The implication is stark: you cannot have production AI without visibility into all AI, authorized and otherwise. You cannot have accountability without knowing what's actually deployed. And you cannot have control without first understanding what you're trying to control.

This moves shadow AI from a compliance problem to an infrastructure problem. It's not about punishment. It's about building systems that allow organizations to learn at the speed their employees are already moving.

What Shadow AI Reveals

Here's where the paradox becomes impossible to ignore: companies are investing $30 billion to $40 billion in formal AI initiatives, according to MIT's 2025 research. Yet 95 percent report zero impact on their bottom line.

At the same time, employees are using AI tools directly in their workflows. Experimental and survey data show consistent productivity gains, including faster task completion, improved output quality, and measurable increases in individual performance.

Yage Zhang, a researcher at CISPA studying shadow deployment patterns, found something striking in the data. She audited unauthorized API usage across academic institutions and enterprise environments. Nearly 190 research papers relied on third-party endpoints that weren't official. Nearly half failed basic model fingerprint verification, meaning researchers couldn't even confirm they were hitting the official models.

The conventional reading would be alarming: shadow API usage is a security and compliance nightmare. But Zhang saw something else. "Shadow APIs aren't just a risk management problem," she said to AIM Media House. "They're actively shaping what gets adopted. The core issue is that users treat shadow APIs as interchangeable with official ones, but our evidence shows significant performance divergence. So it's both: they influence adoption by lowering access barriers, and they introduce risks that most teams aren't equipped to detect."

Both true simultaneously. The same systems enabling rapid innovation are creating governance blind spots. The question becomes not how to separate them, but how to learn from one while managing the other.

This is precisely what forward-thinking enterprises are attempting now.

At Shopify, 25% of the company uses Scout, an internal AI automation tool that handles over 1,000 tool calls per day. It wasn't built by specialists in an innovation lab. It was built by the Product Support Network team: people from customer success and sales backgrounds, using approved infrastructure. Duolingo has made AI fluency non-negotiable in hiring.

Health systems including Mass General Brigham and others are actively deploying and studying AI in clinical workflows, even as clinicians continue to use unapproved tools in practice. Industry experts increasingly point to “AI amnesty” approaches as one way organizations can surface and govern this usage, though documented implementations in healthcare remain limited.

Katarki captures the tension most CIOs are grappling with now. “A year ago I would have said, let it be a bit wild west,” he said. “But we’ve reached a point where this is increasingly important. The question isn’t control or innovation. It’s how do you do both?”
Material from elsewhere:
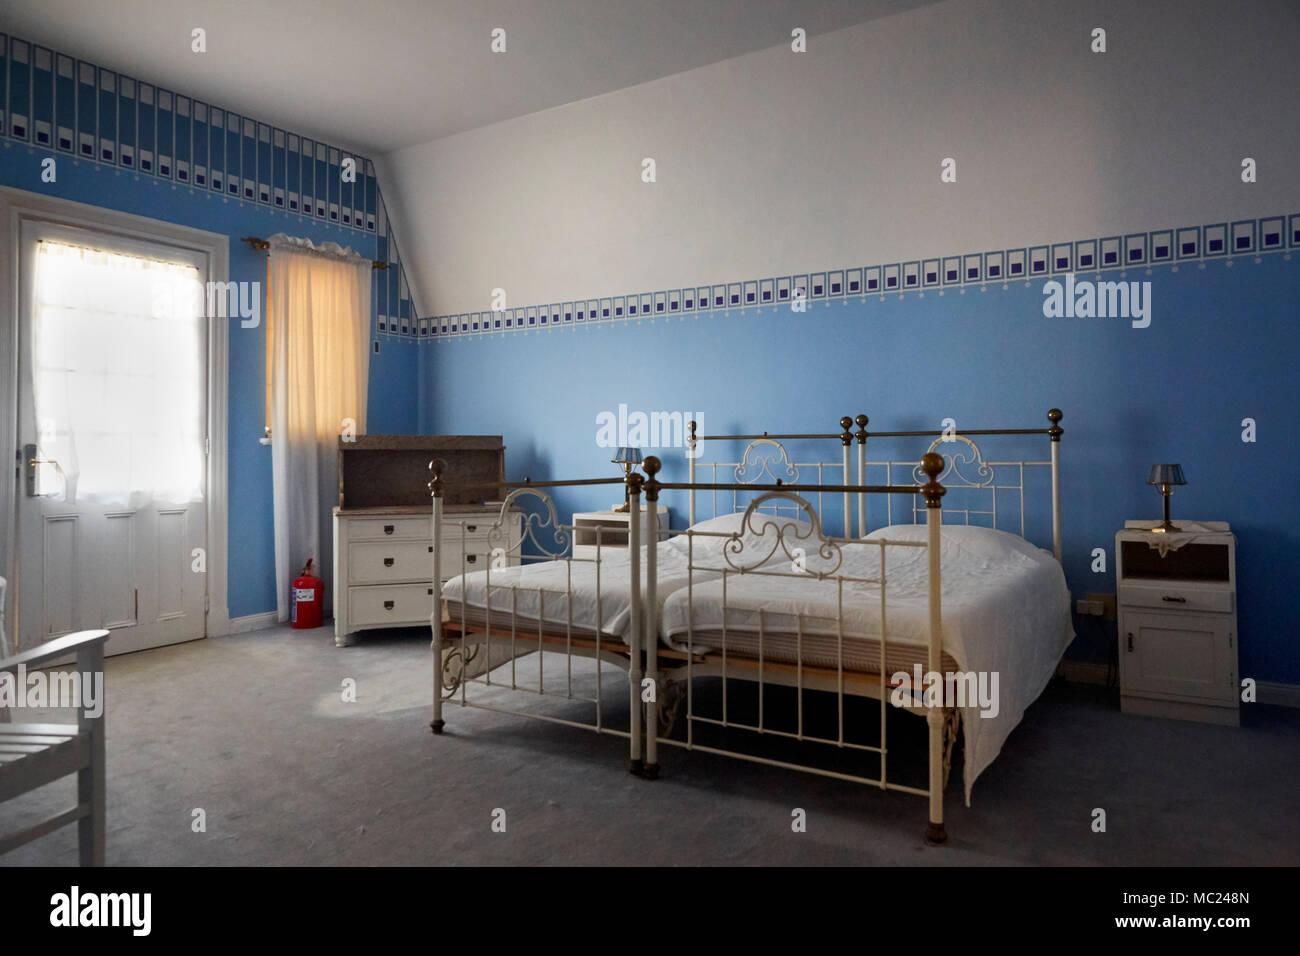 Schlafzimmer in Goerke Goerke Haus (Haus) in Lüderitz, Namibia ...
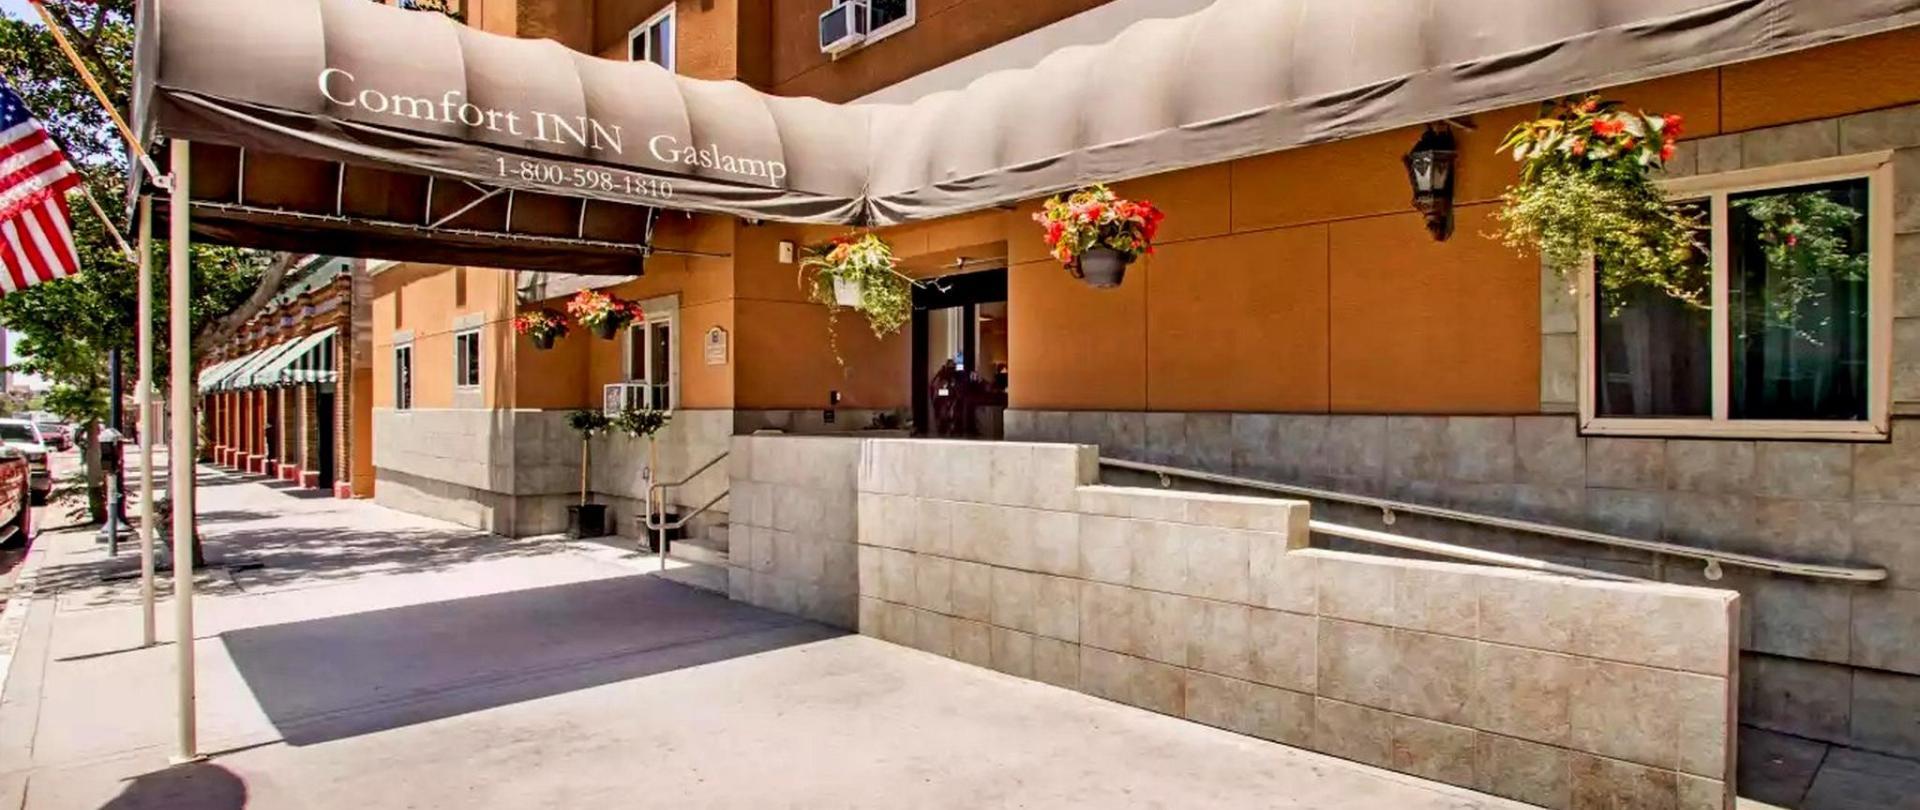 San Diego Comfort Inn Gaslamp Convention Center.jpg

That’s the inflection point. Not whether to control shadow AI, since every mature organization will eventually need governance. But whether to build that governance on understanding or on suppression. Whether to learn from where employees are already deploying AI, or to ignore it until a breach forces the issue.

The difference compounds over time. Organizations that rely only on restriction often struggle with visibility, as employees continue to use AI tools outside approved systems. Those that provide enterprise-grade alternatives alongside governance gain more visibility into how AI is actually being used.